(833) Tumor Egfl6 is a new driver of neutrophil extracellular traps (NETs) in ovarian cancer

Introduction/Rationale: Ovarian cancer (OvCa) is characterized by immunosuppressive tumor microenvironment (TME). We displayed the tumor-secreted factor EGF-like domain multiple-6 (EGFL6) drives an immunosuppressive myeloid phenotype, inducing CXCL2, IL-8, and other factors associated with neutrophil extracellular trap (NET) formation. Our preliminary data showed in Egfl6-expressing ID8p53-/- tumors NET infiltration increased compared to parental tumors. Here, we evaluated the role of EGFL6 as a regulator of NETosis in the OvCa TME and whether pharmacological NETosis blockade can reverse Egfl6-induced immunosuppression.

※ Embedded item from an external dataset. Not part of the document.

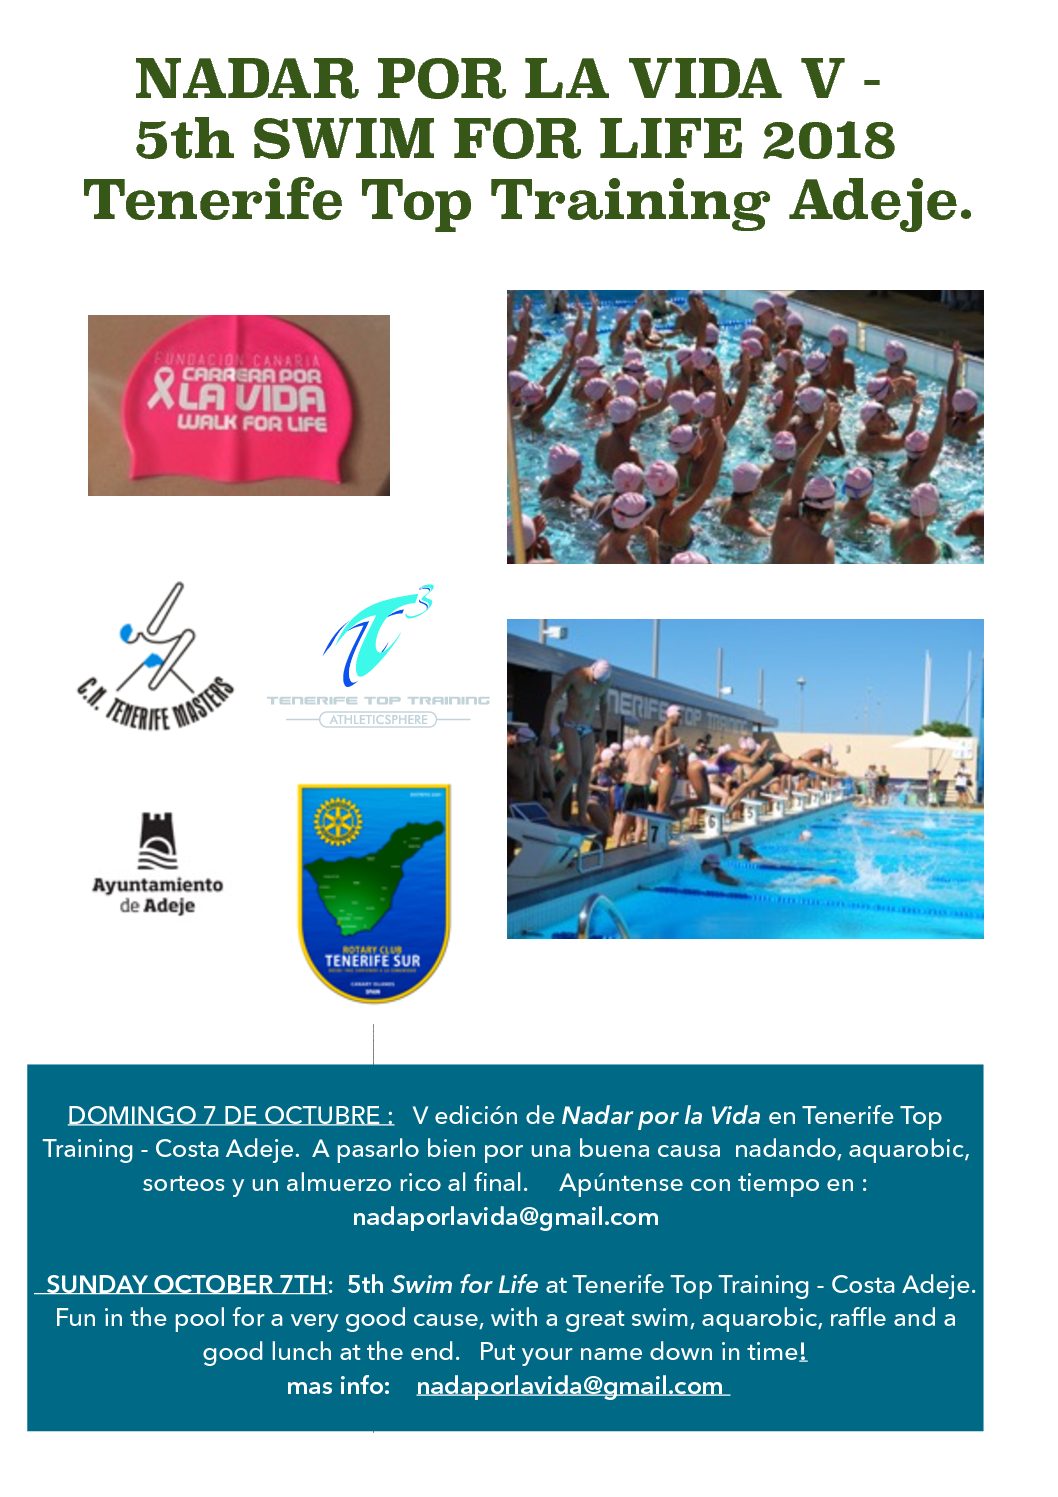 El domingo, 7 de octubre tendrá lugar la V edición de Nadar por la Vida en el T3 de Costa Adeje
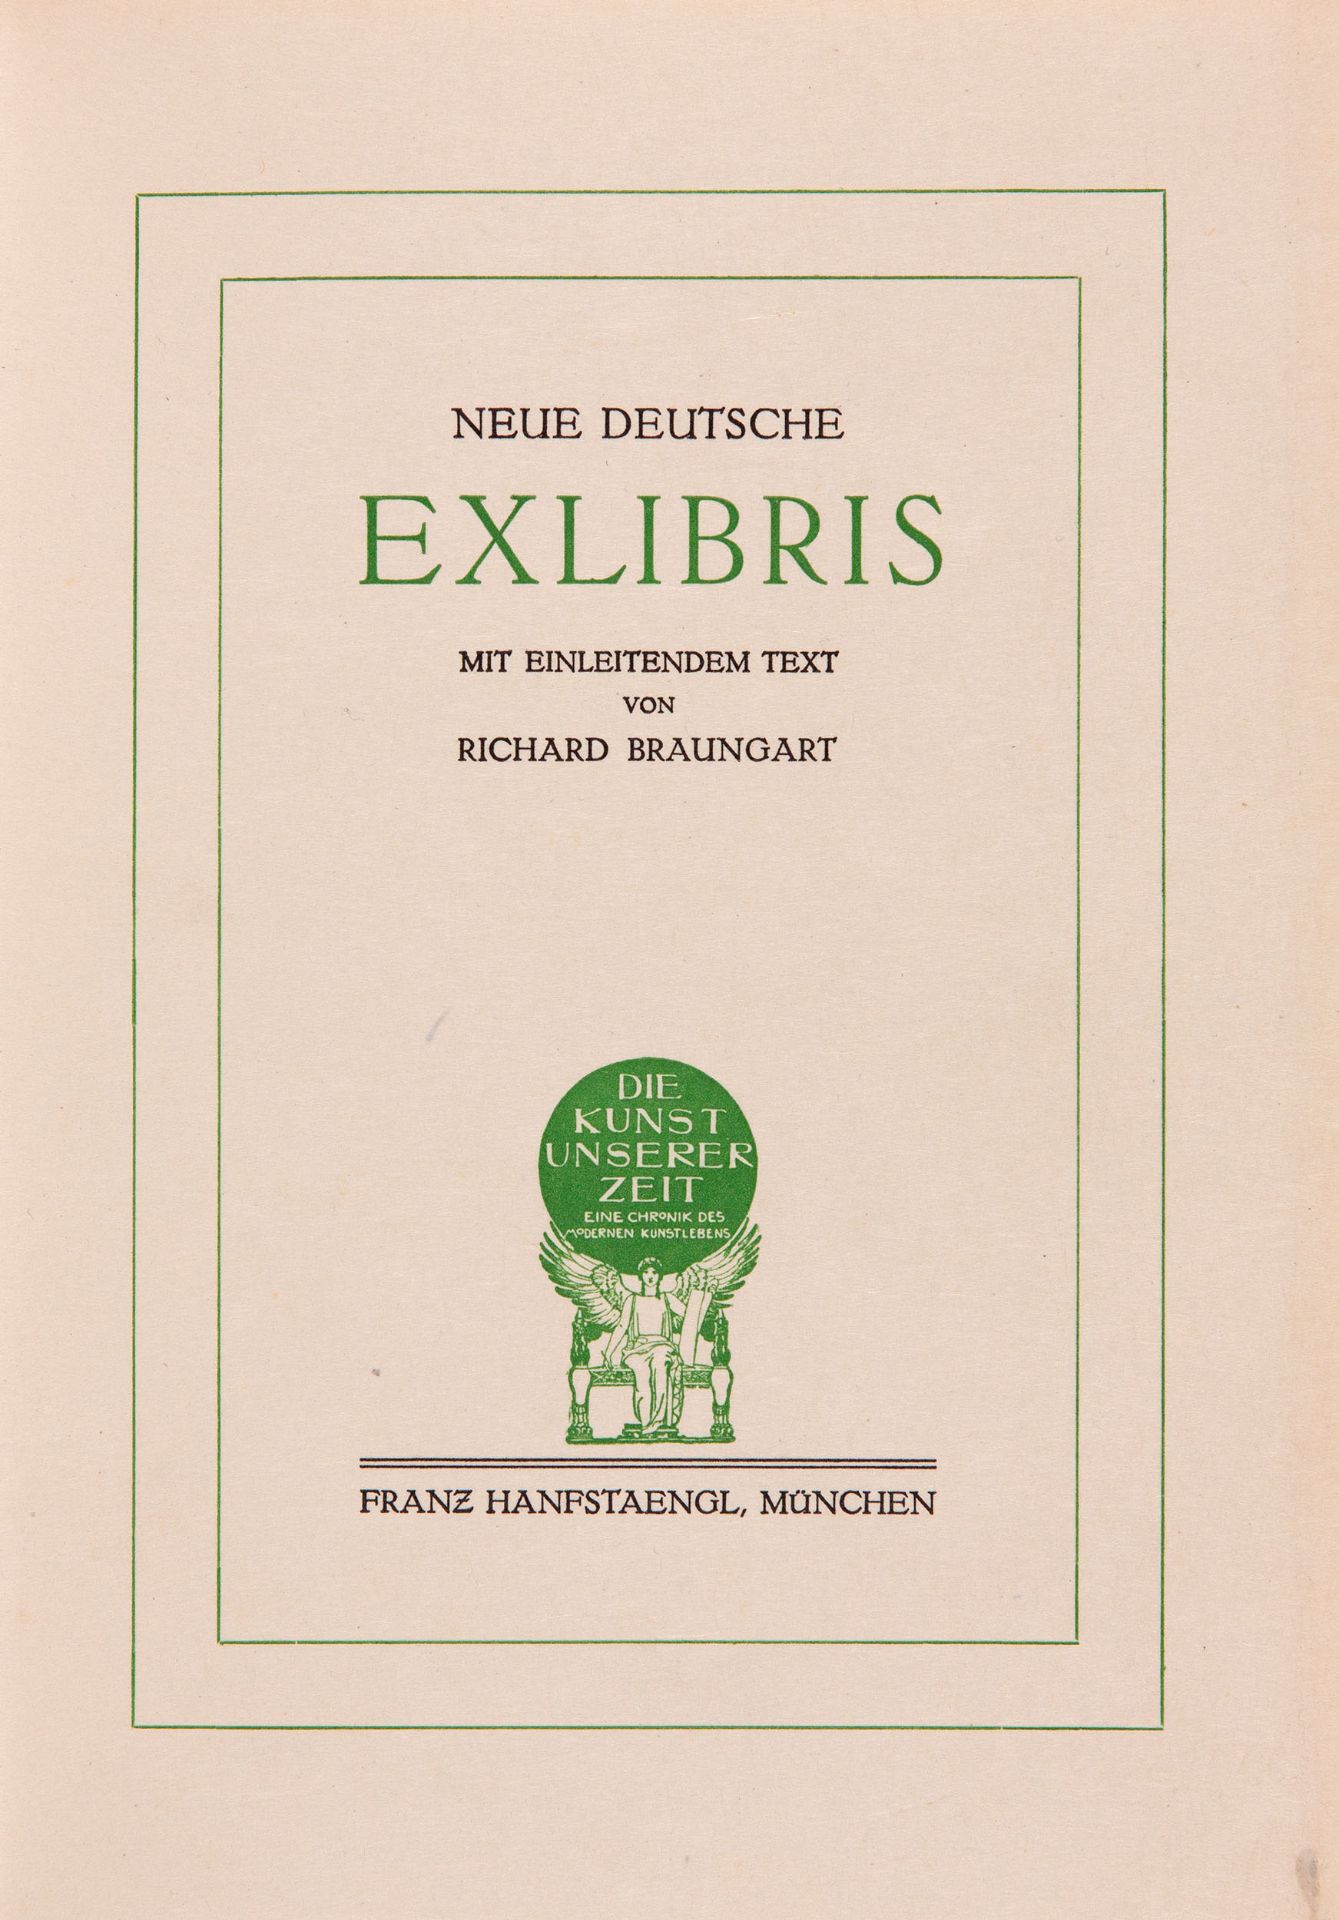 R. Braungart, Neue Deutsche Exlibris. München 1913. - Ex. 48/50, Sonderausg. auf Japan.

Methods: In vitro assays were used to evaluate the direct role of recombinant Egfl6 (rEgfl6) on NETosis. OvCa patient tissues were analyzed by immunostaining and qPCR to assess EGFL6 expression, immune cell abundance, and NET markers, such as Citrullinated histone 3 (Cit H3) and neutrophil elastase (NE). To test whether NETosis inhibition reprograms the EGFL6-induced immunosuppression, Egfl6+/- ID8p53-/- tumor-bearing mice were treated with GSK484, a selective PAD4 inhibitor. Immune profile analyzed within murine ascites and tumors via flow cytometry.

Results: rEgfl6 directly enhanced NETosis in vitro. OvCa patient tissues showed high EGFL6 and NE expression, and NK cells were frequently localized near CitH3+ NETs. In vivo, GSK484 treatment increased cytotoxic CD107+ NK cells and reduced expression of inhibitory receptors including NKG2A and KLRG1. In myeloid cells, GSK484 upregulated antigen-presenting markers (MHCII, CD86) and reduced infiltration of Tregs in Egfl6+ TME.

Conclusion: Our findings identify EGFL6 as a previously unrecognized tumor-derived driver of NETosis, contributes to immunosuppression in OvCa. NETs directly impair NK cell functions in Egfl6+ tumors, while NETosis inhibition with GSK484 partially restores anti-tumor immunity by enhancing NK cell cytotoxic and reprogramming myeloid cells. These data support targeting NETosis as a therapeutic approach to enhance current therapies in OvCa.